With the pictures omitted, write out all of the listing exactly.

Supplied material:
━━━━━━━━━━━━━━━━

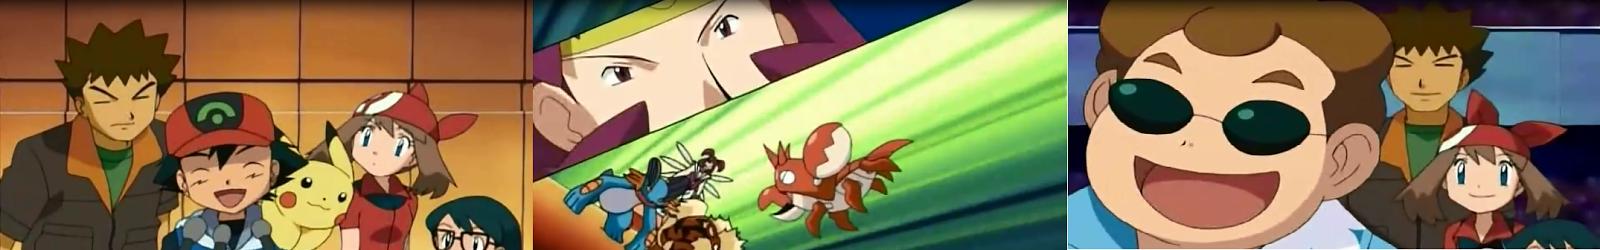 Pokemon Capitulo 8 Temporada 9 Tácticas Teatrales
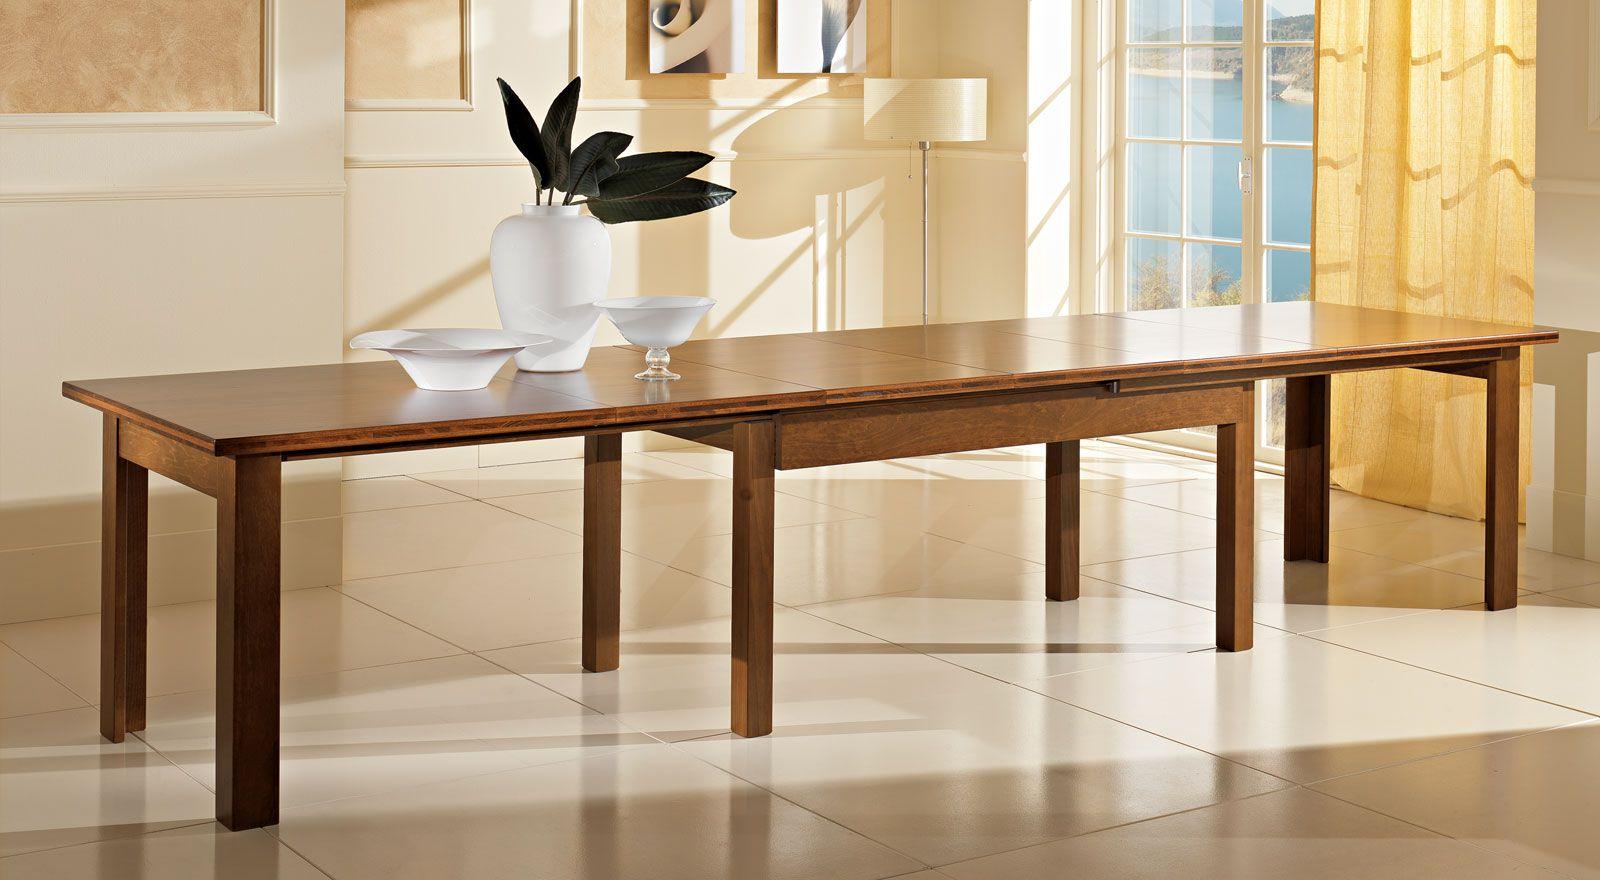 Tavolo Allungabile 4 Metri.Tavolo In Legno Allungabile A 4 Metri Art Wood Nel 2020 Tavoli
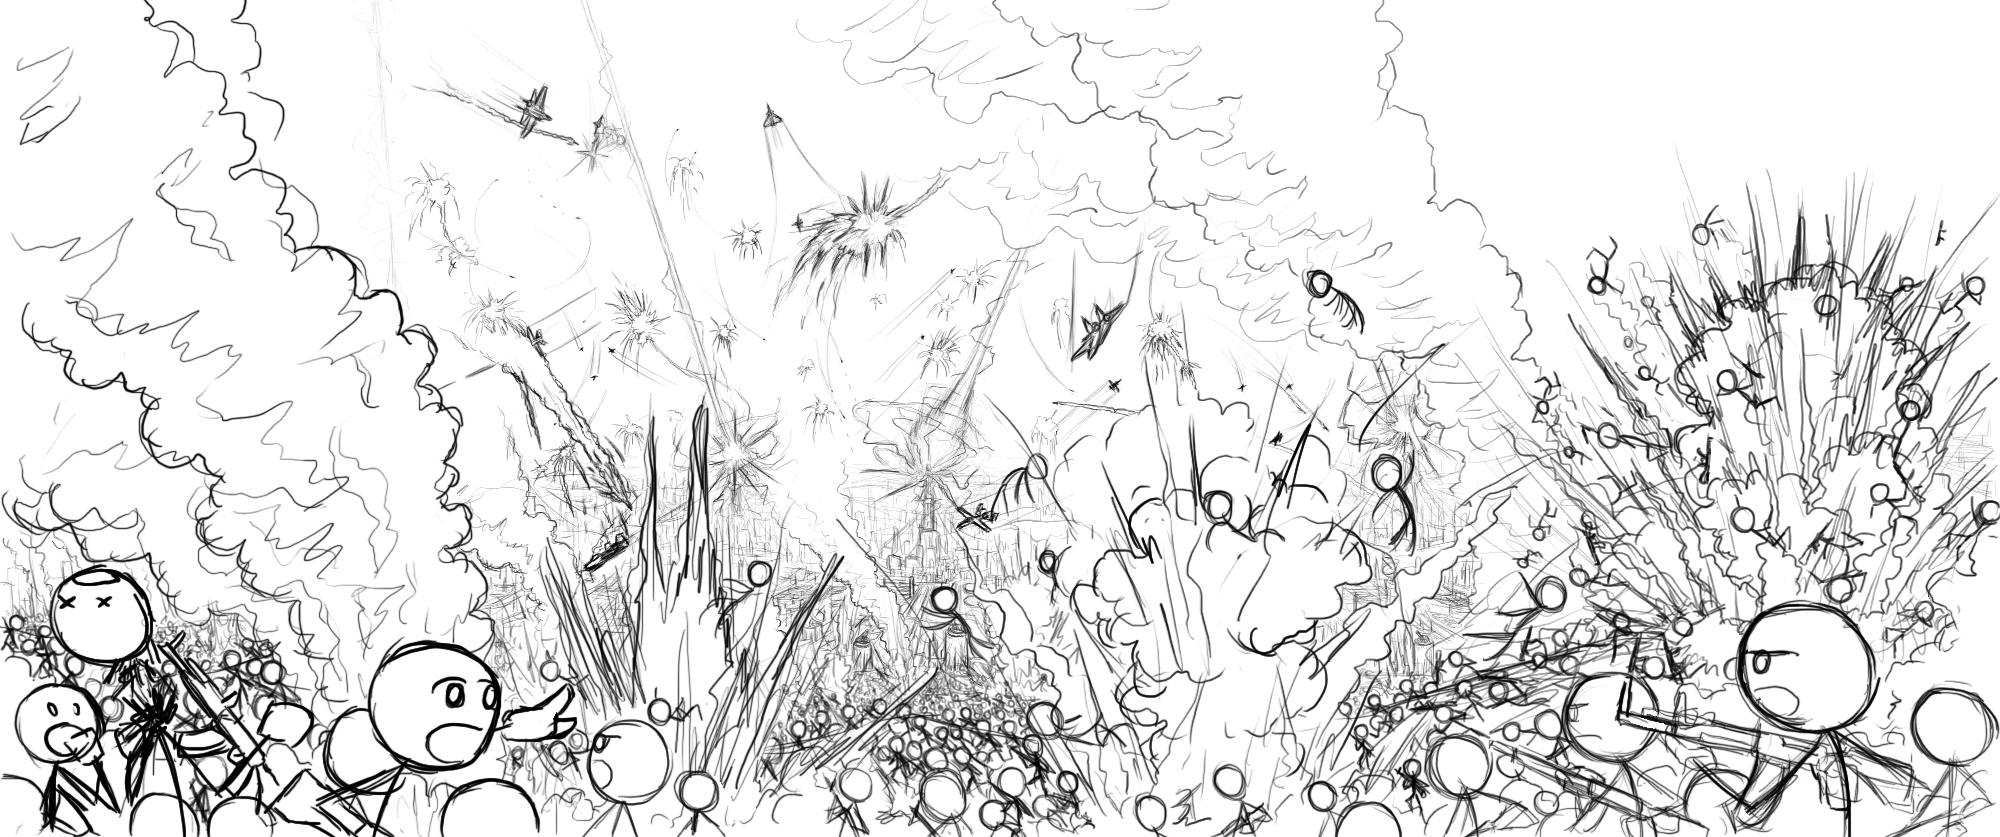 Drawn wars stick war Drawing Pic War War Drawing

━━━━━━━━━━━━━━━━

Answer to the problem:
 Pokemon Capitulo 8 Temporada 9 Tácticas Teatrales
 Tavolo Allungabile 4 Metri.Tavolo In Legno Allungabile A 4 Metri Art Wood Nel 2020 Tavoli
 Drawn wars stick war Drawing Pic War War Drawing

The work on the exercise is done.